有人說人工智能會是繼互聯網之后的下一次工業革命，不可否認，大到汽車、小到手表，AI技術已經廣泛應用在我們周圍，隨便一個APP都試圖跟AI發生點關系以證明自己的與時俱進，

AI的普及為客戶端開發帶來了挑戰，同時也是機遇，挑戰在于客戶端技術相對于AI等新興技術正被逐漸邊緣化；機遇在于移動設備仍將長期作為連接AI與用戶的重要載體，隨著硬體能力逐升級，移動端甚至可以自主完成一些機器學習和推理，讓用戶更快捷地享受到AI的帶來的便利，

邊緣計算（Edge AI）的意義

“模型” 是對一組訓練資料應用機器學習演算法而得到的結果，使用模型對一些輸入的資料進行預測的程序叫“推理”，有很多依靠撰寫代碼僅能低效甚至很難完成的任務，使用模型推理能更好地完成，例如，可以訓練模型來歸類照片，或者識別照片內的特定物件等，

長久以來，模型推理大多運行在服務端，客戶端只作為結果展示的載體，但隨著移動端的硬體性能越來越高，很多深度學習的資料模型可以以二進制形式下載到手機上，基于這些模型可以進行端上的AI處理，“邊緣計算”的概念由此誕生，邊緣計算有以下好處

資料本地化，解決云端存盤及隱私問題；
計算本地化，解決云端計算過載問題；
低通信成本，解決互動和體驗問題；
去中心化計算，故障規避與極致個性化，

邊緣計算的技術現狀

嚴格來說，邊緣AI（Edge AI）是邊緣計算的一個方向，邊緣AI等能力主要借助移動端的機器學習（Machine Learning，后文簡稱ML）庫實作，

移動端的KL庫主要服務于模型下發和移動端推理引擎的執行，由于移動端的計算能力相對較弱，模型檔案不宜過大，需要進行一些裁剪和壓縮，目前主流的ML庫有Tensorflow Lite、PyTorch Mobile、MediaPipe、Firebase ML Kit等，本文就這些技術做一個簡單的介紹，幫大家擴大技術視野，

TensorFlow Lite

https://www.tensorflow.org/lite/guide

TensorFlow Lite 是將 TensorFlow 用于移動設備和嵌入式設備的輕量級解決方案，可以在Android、iOS以及其他嵌入式系統上使用，借由 TensorFlow Lite Converter 將模型轉化的壓縮后的格式.tflite，TFLite Converter 提供 Python和 CLI 工具，推薦使用Python API，

下面代碼是通過 TFLite Converter 將 tensorflow 和 tf.keras 的模型檔案轉換為 TFLite 格式的模型

import tensorflow as tf

# 轉換 saved_model
converter = tf.lite.TFLiteConverter.from_saved_model(export_dir)
tflite_model = converter.convert()
with open('model.tflite', 'wb') as f:
    f.write(tflite_model)

# 轉換 keras_model
keras_model = tf.keras.models.load_model(filepath)
converter = tf.lite.TFLiteConverter.from_keras_model(keras_model)
keras_tflite_model = converter.convert()
with open('keras_model.tflite', 'wb') as f:
    f.write(keras_tflite_model)

轉換后的模型檔案可以通過 TFLite 下載到手機上使用，以 Android 為例，代碼如下：

class TFLiteActivity : AppCompatActivity() {
    /* 模型下載 */
    private fun initializeTFLite(device: String = "NNAPI", numThreads: Int = 4) {
        val delegate = when (device) {
            "NNAPI" -> NnApiDelegate()
            "GPU" -> GpuDelegate()
            "CPU" -> "" }
        if (delegate != "") tfliteOptions.addDelegate(delegate)

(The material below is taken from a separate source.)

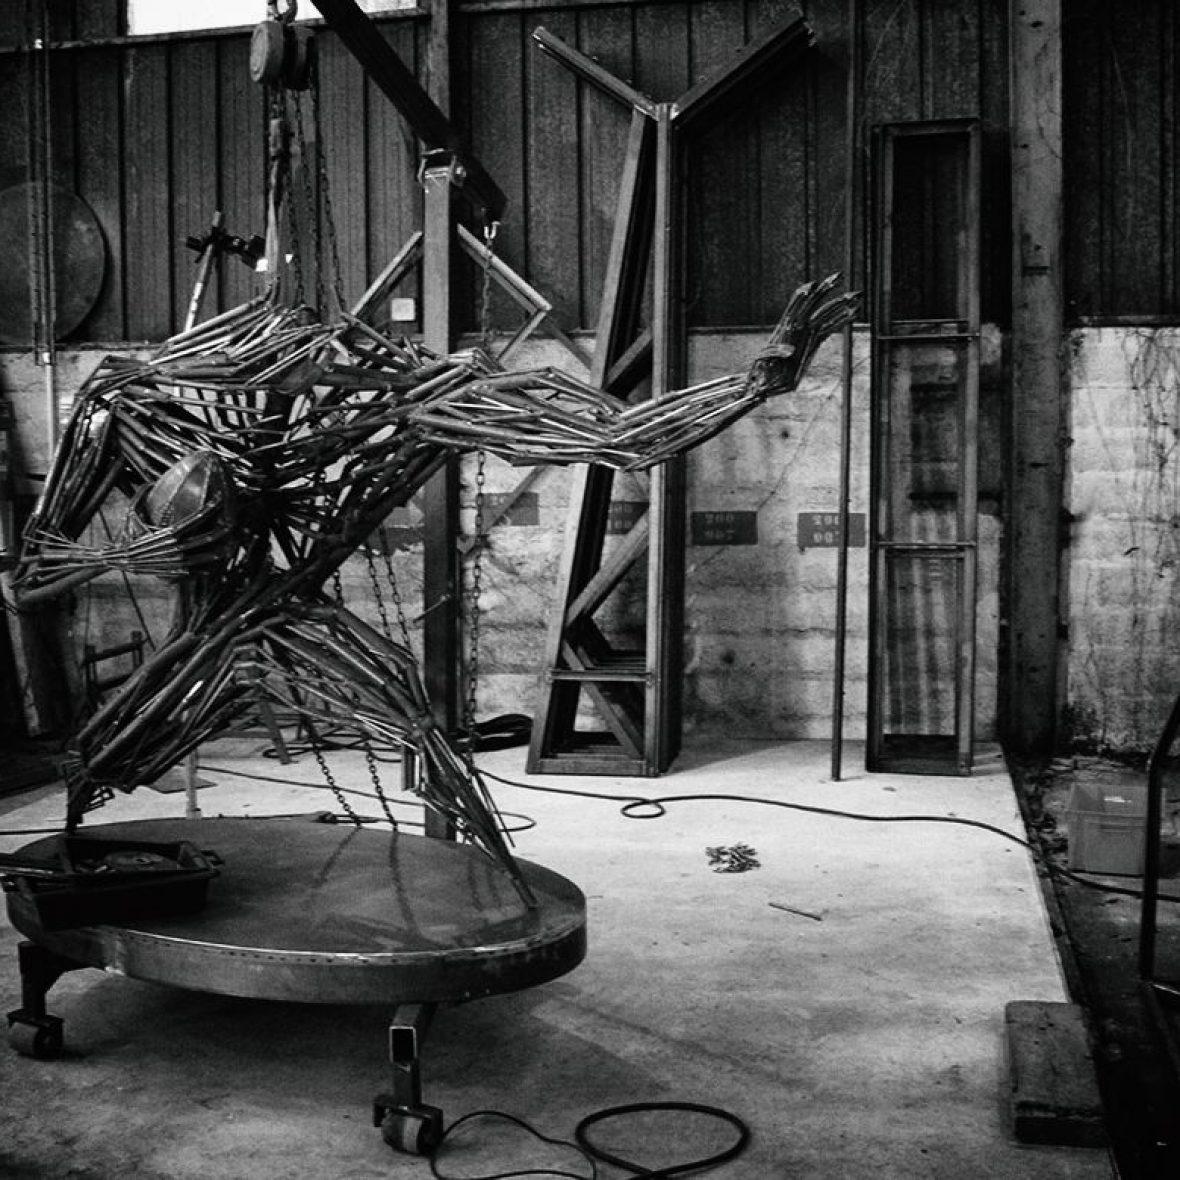 Création Sculpture Rugbyman Atelier Madneom Marans 2016

        tfliteOptions.setNumThreads(numThreads)
        tfliteModel = FileUtil.loadMappedFile(this, tflite_model_path)
        tfliteInterpreter = Interpreter(tfliteModel, tfliteOptions)
        inputImageBuffer = TensorImage(tfliteInterpreter.getInputTensor(0).dataType())
        outputProbabilityBuffer = TensorBuffer.createFixedSize(
            tfliteInterpreter.getOutputTensor(0).shape(),
            tfliteInterpreter.getInputTensor(0).dataType())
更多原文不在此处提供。